1 Plans projected to run out of money within 20 years can cut benefits if there are twice as many retirees as active workers in the plan or the plan does not have enough money to pay more than 80% of future promised benefits. However, no plan can cut benefits unless the cuts are projected to restore the plan to solvency.
2 The Pension Benefit Guaranty Program’s multiemployer program guarantees 100% of the first $11 of a participant’s monthly benefit rate, plus 75% of the next $33 of the monthly benefit times the participant’s years of credited service.

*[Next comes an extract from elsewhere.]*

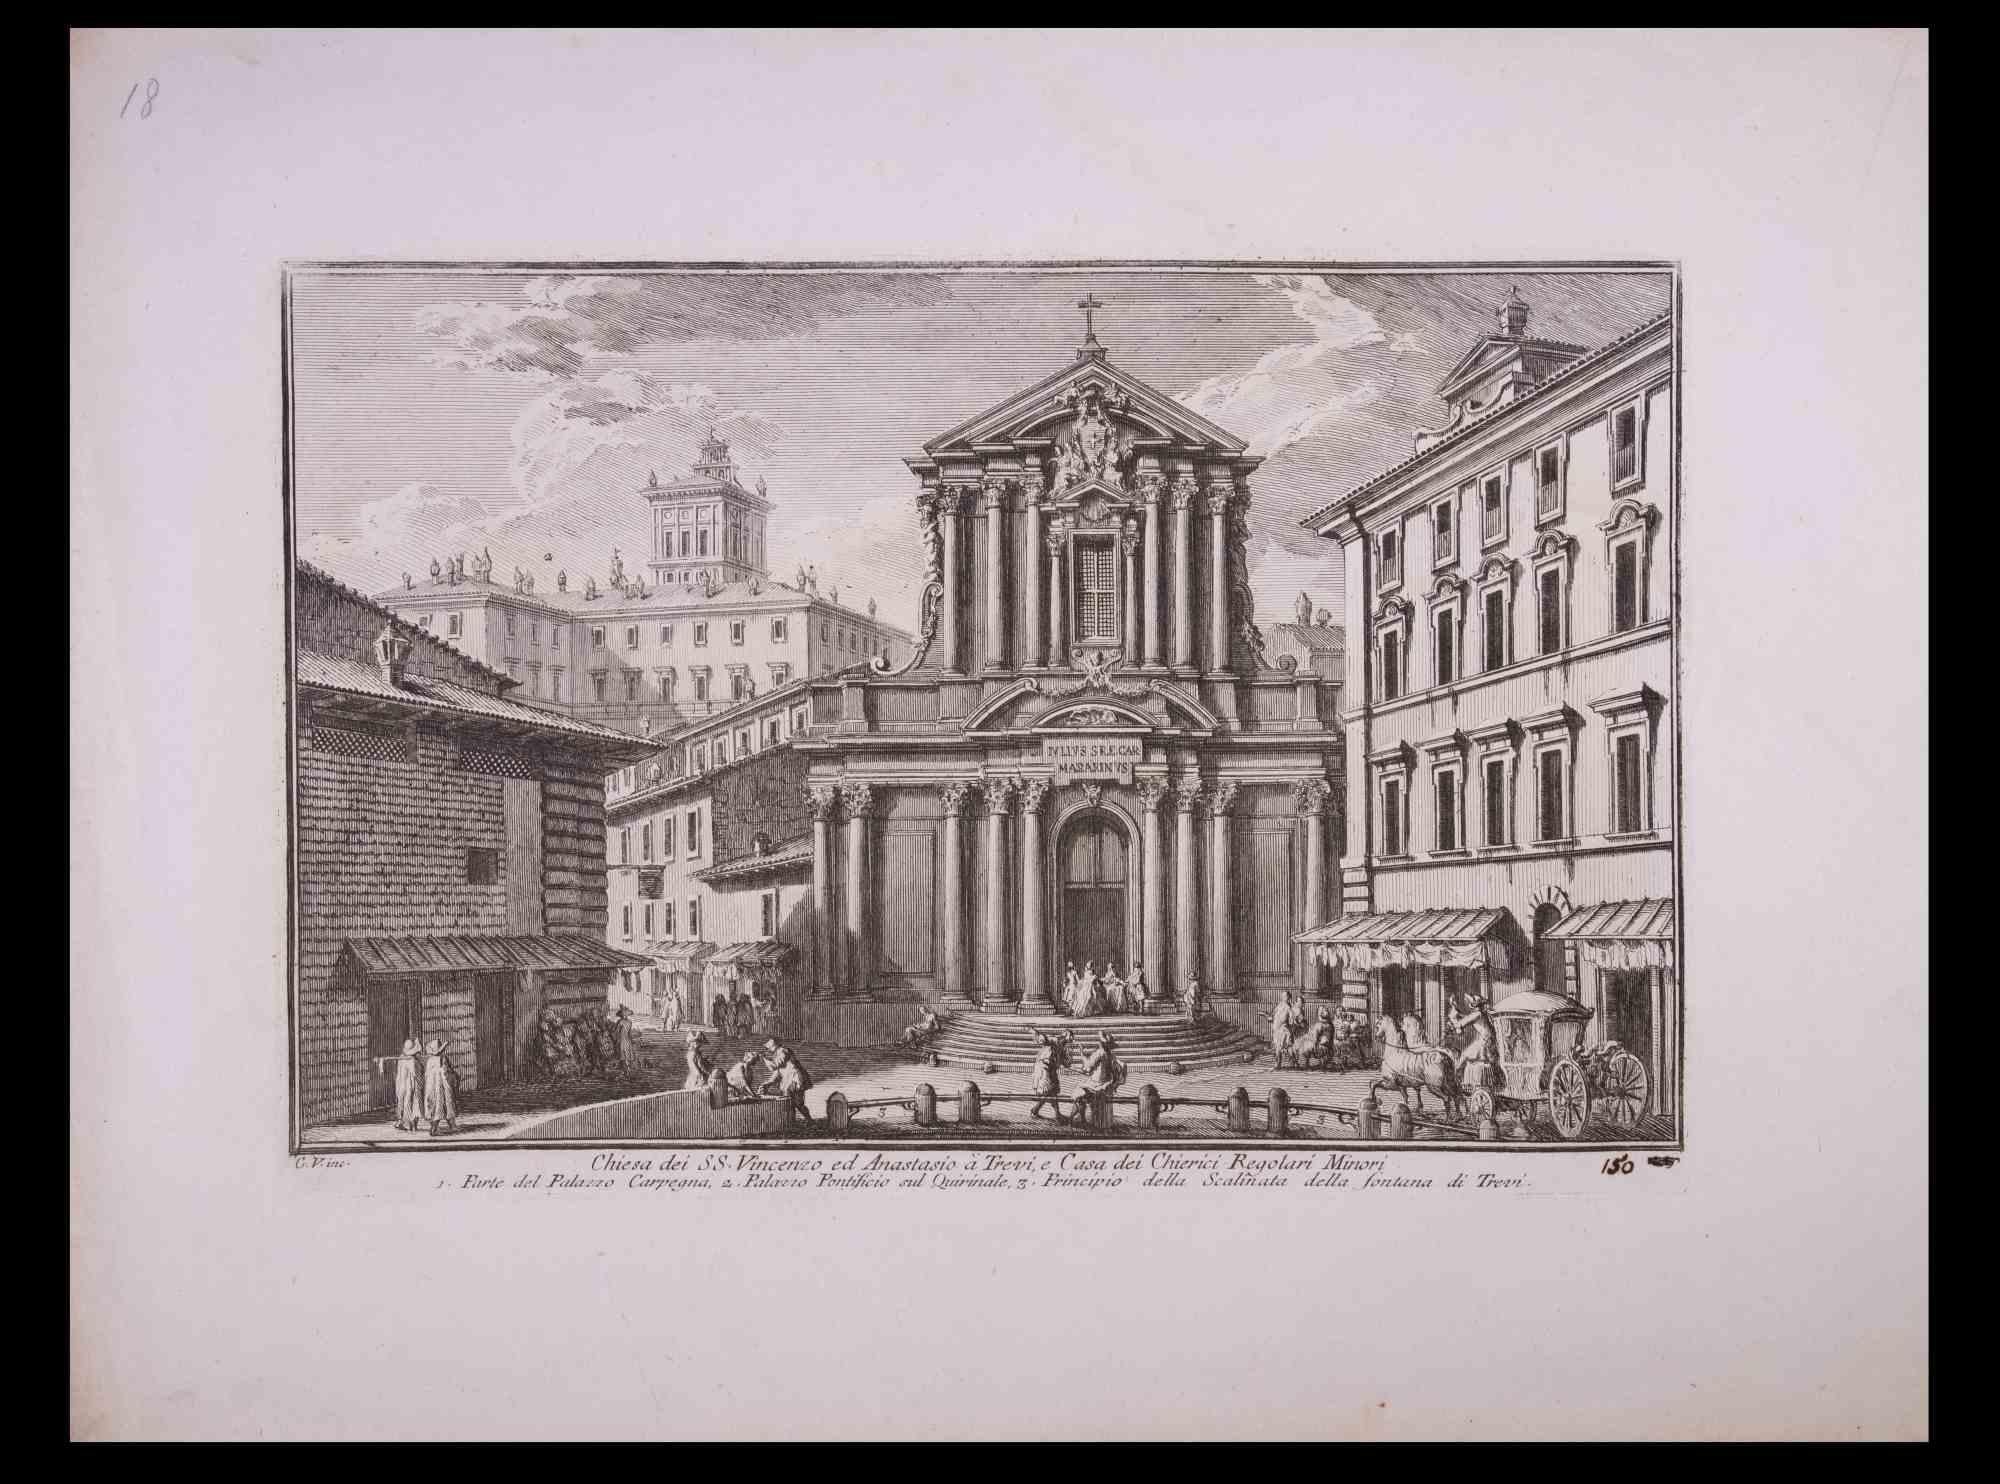  Chiesa dei SS. Vincenzo ed Anastasio - Etching by G. Vasi - Late 18th Century
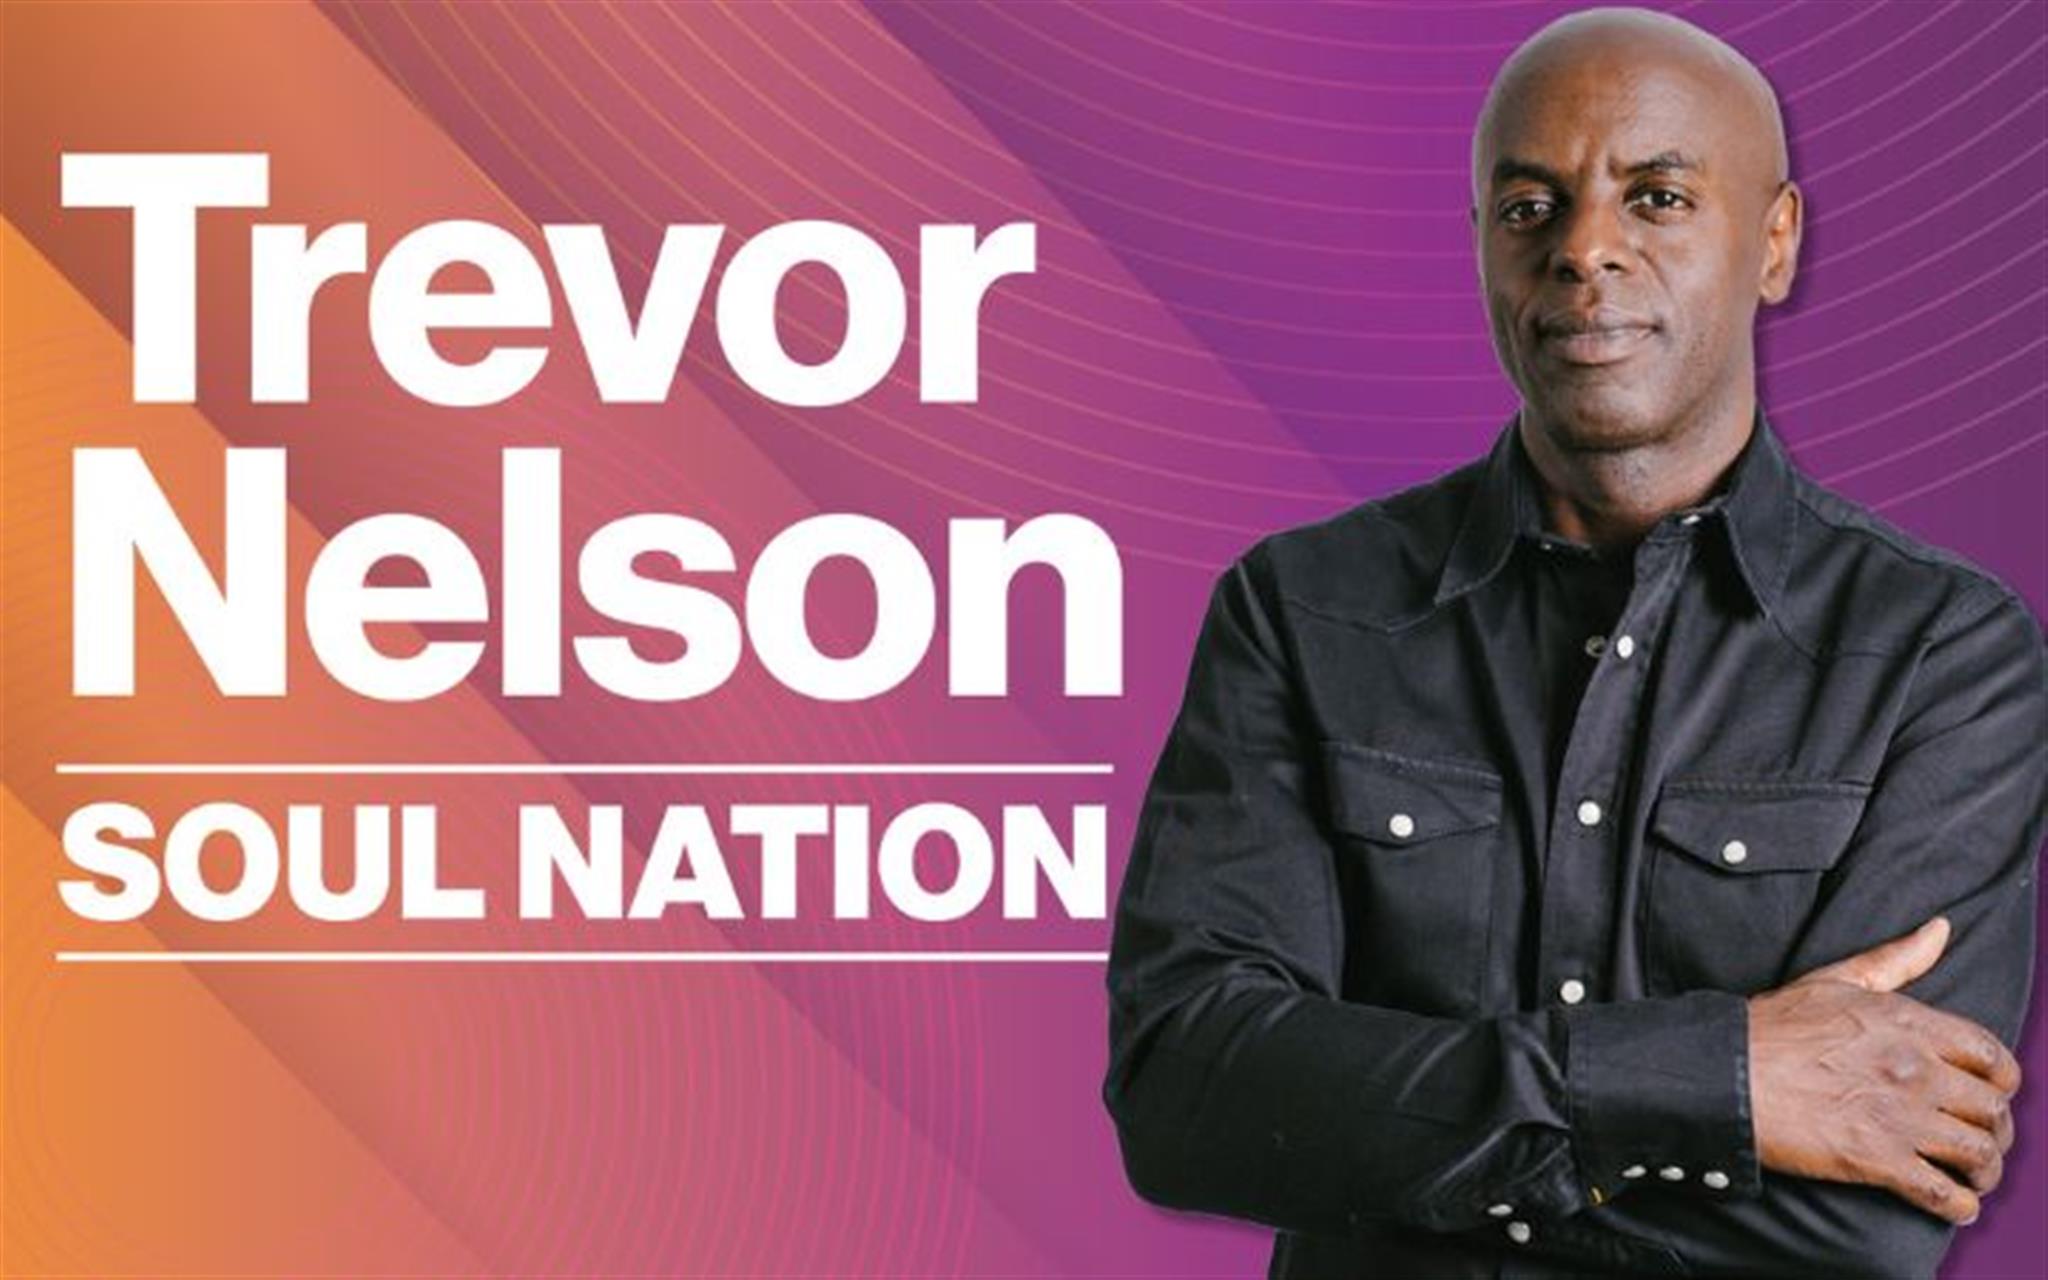 Trevor Nelson’s Soul Nation image

3 When a multiemployer pension plan runs out of money, benefits are reduced to the PBGC’s very low guarantee levels and the agency makes loans to the plan to keep it operating. The anticipated size of those loans will exceed $1 billion in the case of some large plans.
4 The maximum benefit guaranteed by the single-employer program is $60,132 a year in 2015, almost five times the maximum benefit guaranteed by the multiemployer program for a retiree with 30 years of service, $12,780 a year. The guarantee amount is lower for participants with fewer than 30 years of service. Single-employer guaranteed benefits are indexed for inflation. Multiemployer guaranteed benefits have not been increased since 2000.
The single-employer program guarantees pensions for retirees whose employers contributed to plans that were set up by one company rather than by a group (or association) of employers. Both types of plans can be negotiated by unions but single-employer plans are typically administered by employers. Multiemployer plans are usually run by an equal number of employer and union trustees.